I have been scared and intimidated by anger in the past. I have also been wanting to get to know my anger and to create more space for it within me.
I have chronic fatigue syndrome. Over the last several years, I have hated myself for it, resented, blamed and berated myself and my body for it. I have also lost myself in efforts to “get rid of it” so I could get back to my life without it. I have tried many ways to heal, those that honored me and my precious body and those that were just a means to an end.
This past week I thought to myself that I would just stop.

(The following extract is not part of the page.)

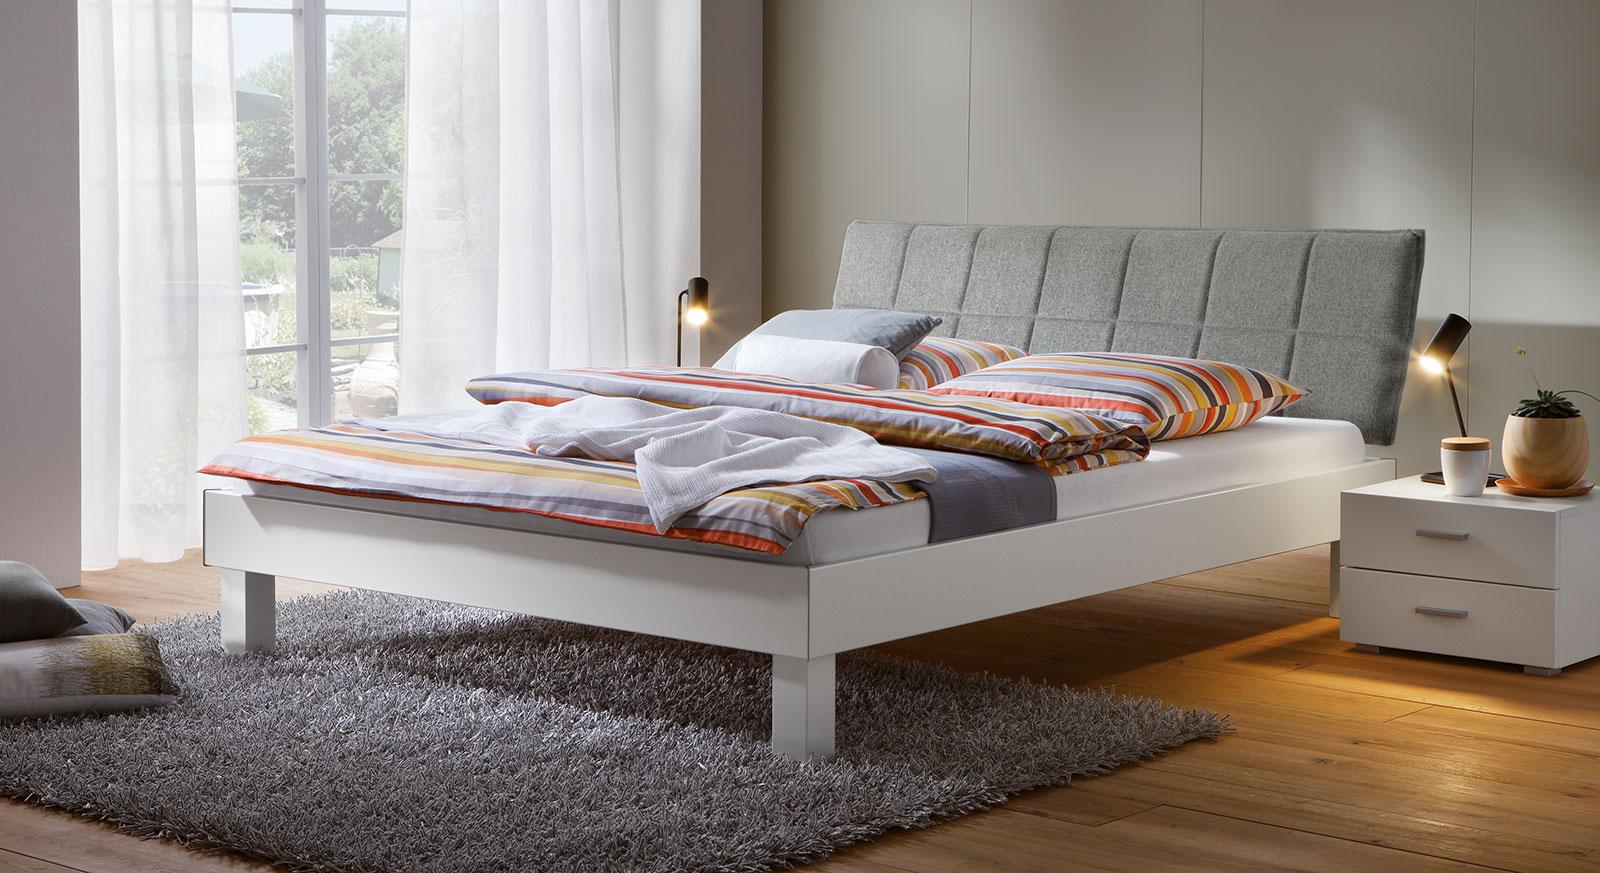 Full Size of Weiße Betten Modernes Bettgestell 160x200 Mit Polsterkopfteil Sierra Jensen Paradies Kinder Ikea Amazon Massivholz Außergewöhnliche Bettkasten De Joop Rauch Bett Weiße Betten

Just stop trying to get better, to overcome this and just be me regardless of whether I like having chronic fatigue or not. It felt very nice, like I could finally relax and just be. Ironically then, yesterday I met two people who offered me suggestions of other options or paths I could take. At first it felt nice to have more hope but a few hours later I felt angry. I felt it traveling up the right side of my body, burning. I felt it and I knew.
This is my power. This anger is me saying enough, reminding me that I am the one with the power to make my own decisions, the only one who can choose to stop trying and just be. The one who can appreciate that there may be other avenues to explore but who needs a rest from exploring. As I type this, I feel incredibly empowered and accepting of myself. I don’t feel like I am giving up on myself. If anything, my anger has led me to a deeper sense of home, acceptance and belonging within me.
It’s 3:54am and I felt so moved by my anger that I needed to type this out. I had just woken up 25 minutes ago to use the washroom and I felt so full of thoughts that I decided to breathe and allow my breath to empty me out so I could go back to sleep. I felt dizzy with how overflowing I was with thoughts but then I remembered the beautiful anger I had felt while brushing my teeth before bed and I reclaimed my power again and starting typing. Now I feel like I am my own super hero with a calm mind and heart. I am here, loving and honoring myself and my need “to be” instead of “pursue”.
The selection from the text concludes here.